Opportunities for 5hmC detection
Variations on the EM-seq and TAPS methods, as well as ACE-seq can be used to detect 5hmC content. These methods are non-destructive and provide an alternative route to gain insight into the role of 5hmCs in gene regulation. Established methods that can interrogate 5mC and 5hmC individually based on bisulfite sequencing still cause DNA damage, as does traditional bisulfite sequencing.

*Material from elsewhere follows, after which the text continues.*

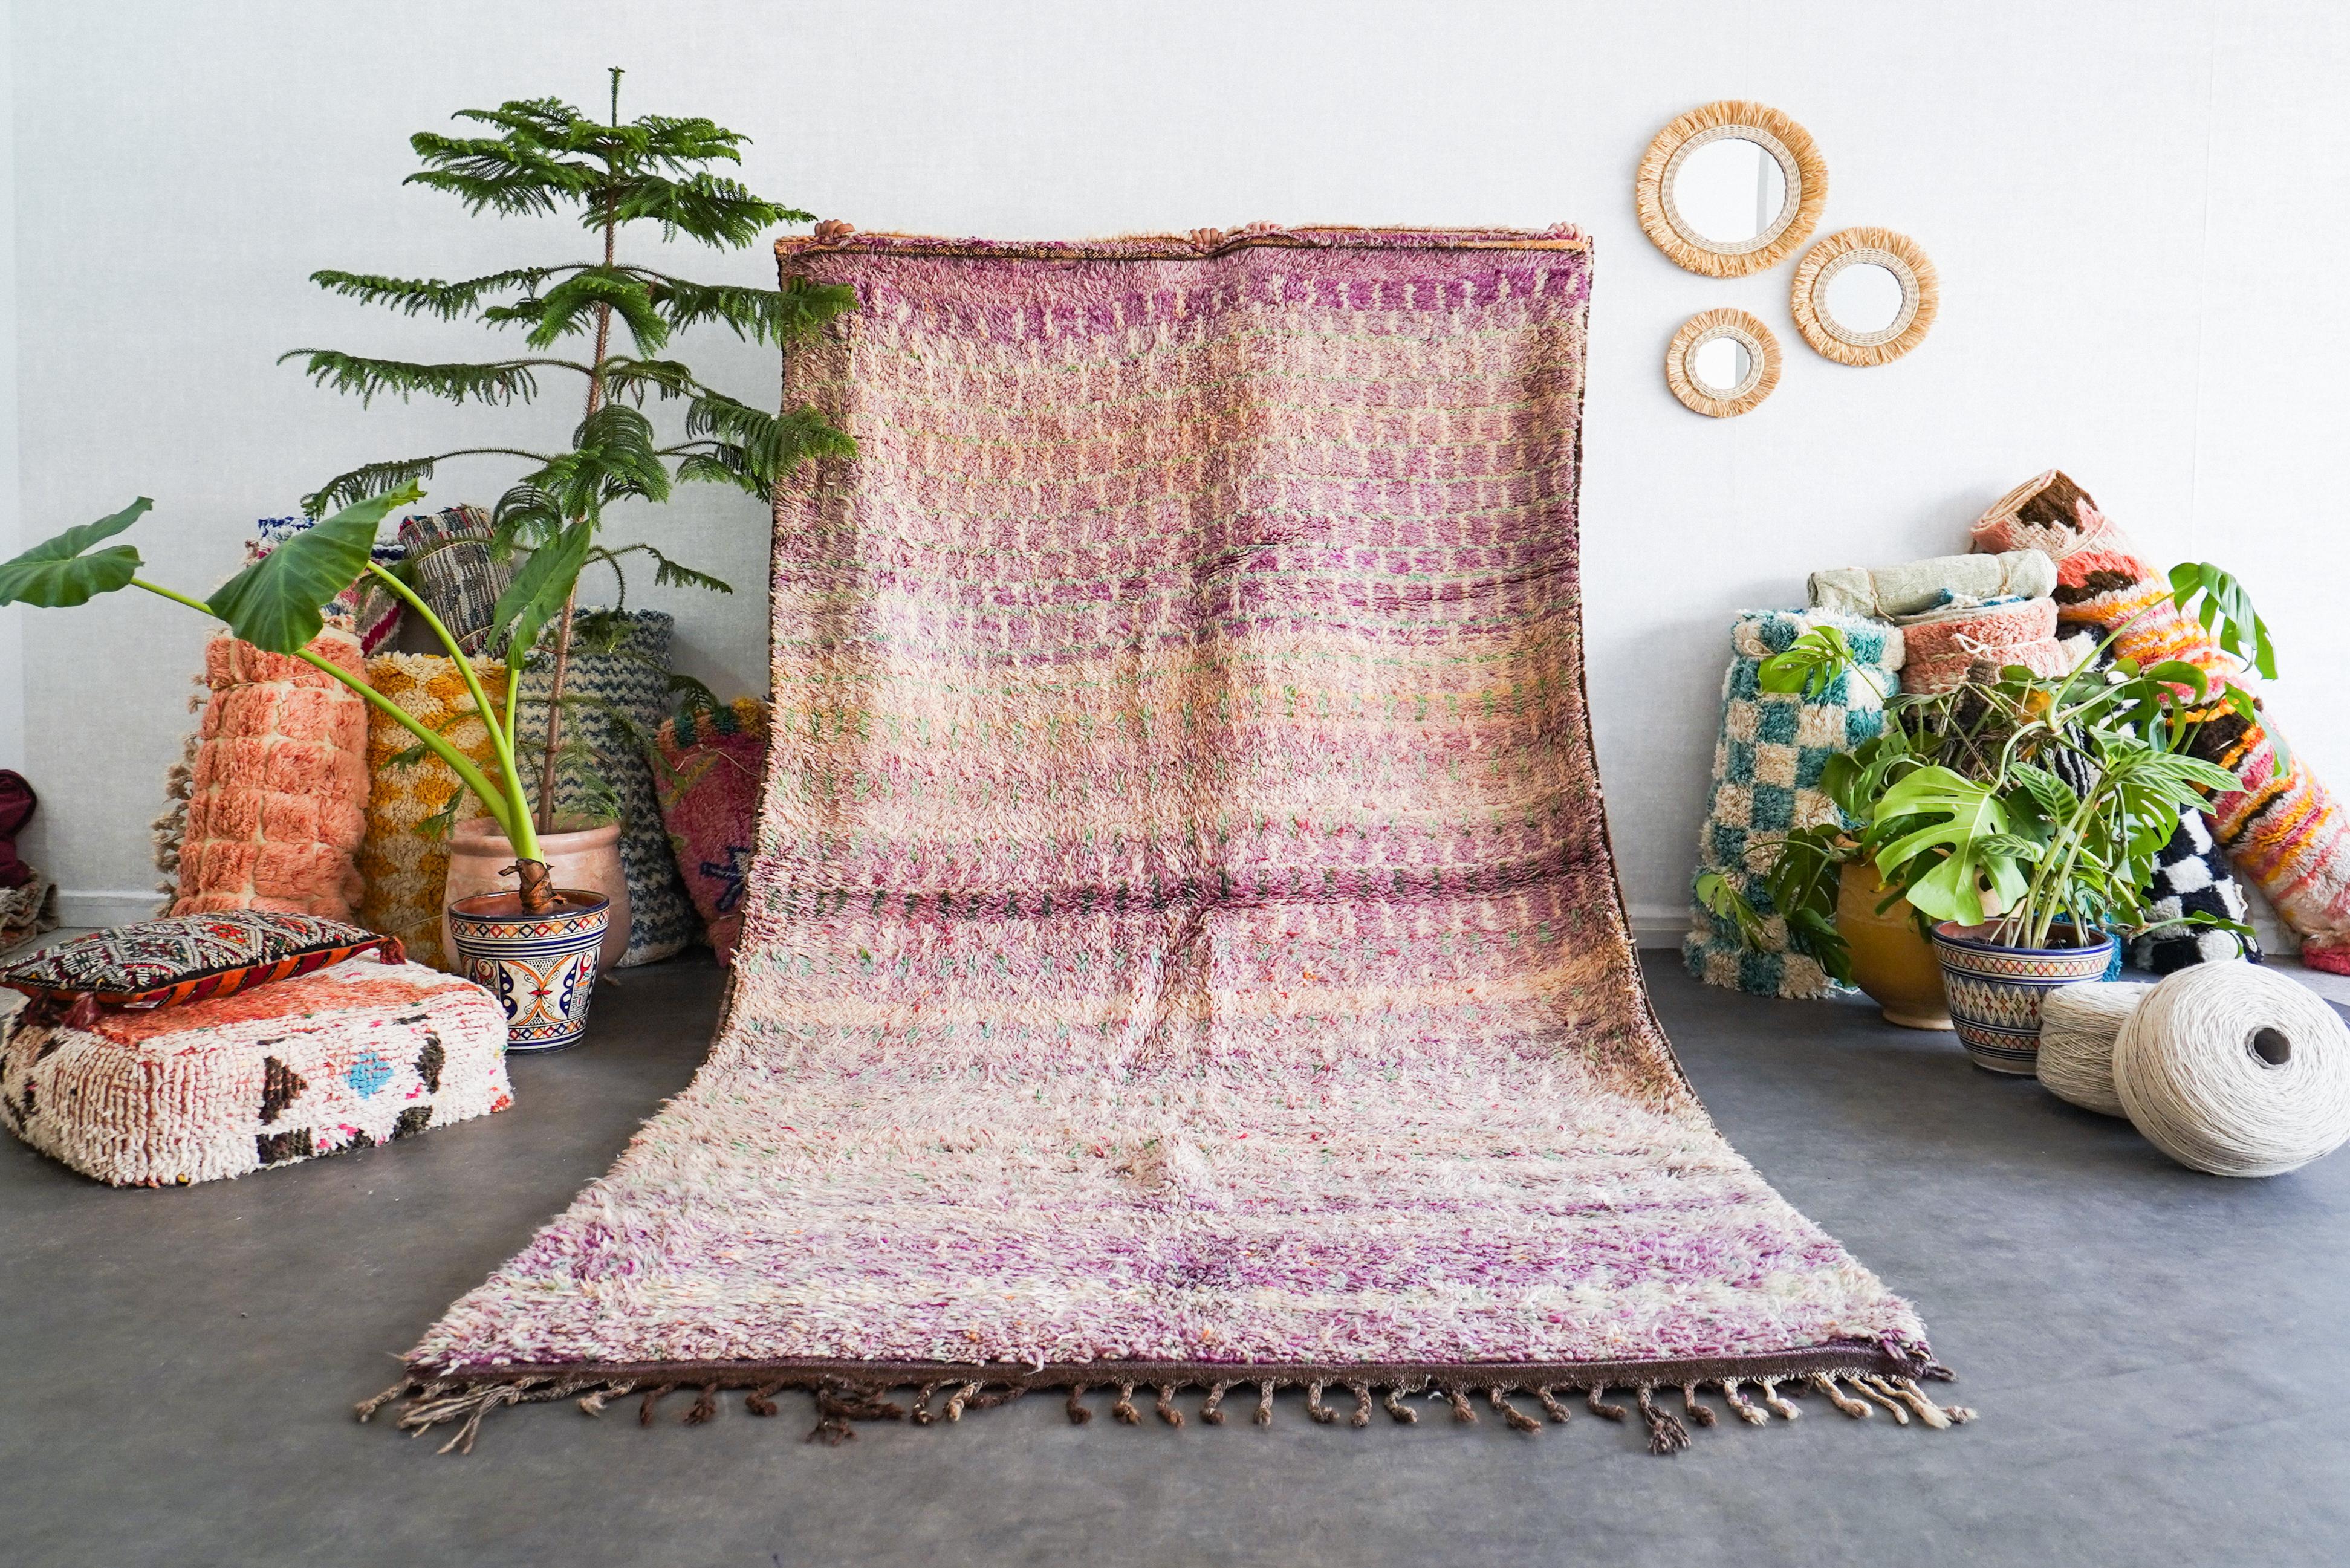 Découvrez le riche héritage tissé dans notre tapis vintage marocain Purple. Fabriqué à la main par des artisans qualifiés selon des techniques éprouvées, chaque tapis berbère est un récit unique qui fait écho à la tapisserie culturelle du Maroc.

Bisulfite-seq is no bargain
In my opinion, it makes sense that so many central sequencing labs refuse to perform Bisulfite-seq. Your project can investigate the methylation of a single gene, patterns within a genome, or even across multiple genomes. Their research could link methylation of individual cells, tissues or cell-free DNA samples to developmental, cancer or other disease phenotypes. Or maybe you're in a bind, with only a few challenging sample recordings available to study. For a long time, researchers kept their noses up at the opportunity to analyze methylomes because bisulfite conversion was apparently the only option. I like to think of enzymatic conversion as a breath of fresh air.